Ogląda się, zdziwiony. — Patrzy.
Zdaje się, że widziałem.
— A gdzie mostek?
— Nie wiem. — Chyba daleko. Długo błądziłem.
— Czy można tam autem dojechać?
— Przez las nie, ale drogą można.
— Więc jedziemy.
— O, tu są te ścięte drzewa. — O, mostek. O, tu pod tym słupem.
— Tak — potwierdza włościanin. — Tu leżał i jęczał. Tu go znalazłem.

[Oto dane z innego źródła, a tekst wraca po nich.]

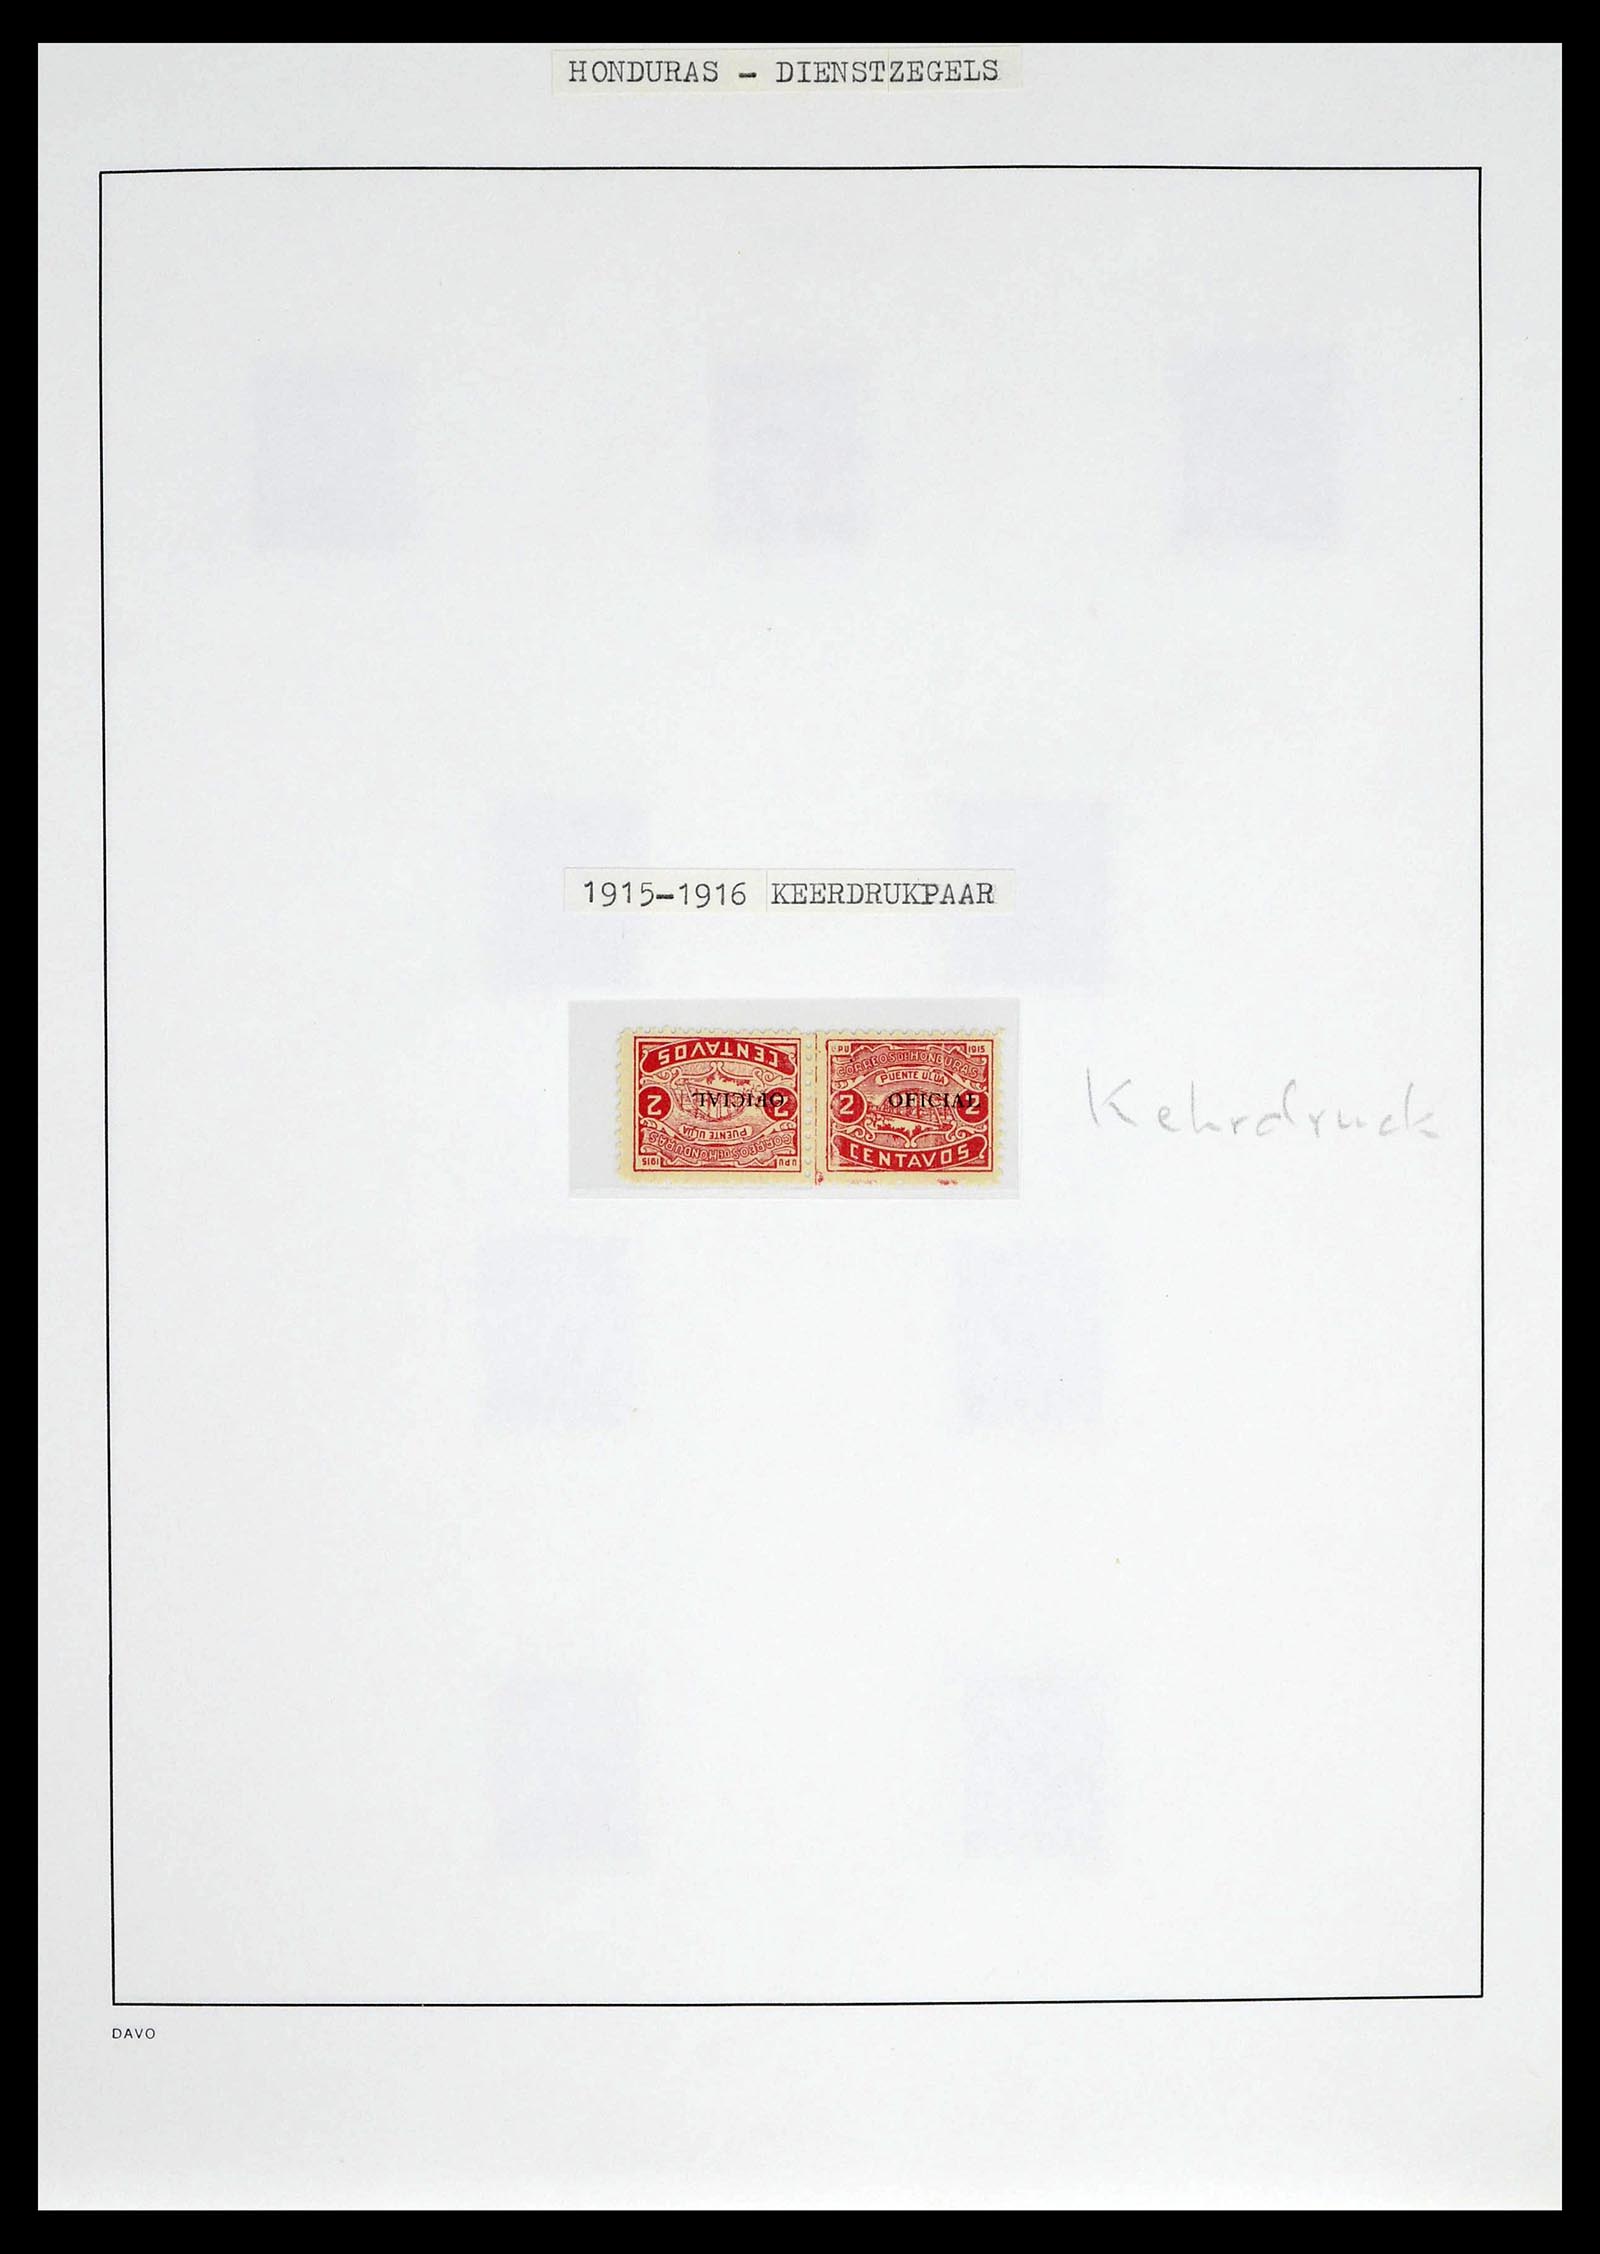 39404 0016 - Postzegelverzameling 39404 Honduras dienstzegels 1890-1974.

— Dobrze. — Macie pięć złotych za fatygę.
A do szofera:
— Wracamy.
— Skąd pan wiedział, że ten pan mnie znalazł? — Do czego to panu potrzebne?
— Widzisz, chłopcze. Szukamy ludzi szkodliwych i niebezpiecznych. Obowiązkiem naszym jest wiedzieć. I obowiązkiem każdego obywatela pomagać i ułatwiać nam trudne zadanie.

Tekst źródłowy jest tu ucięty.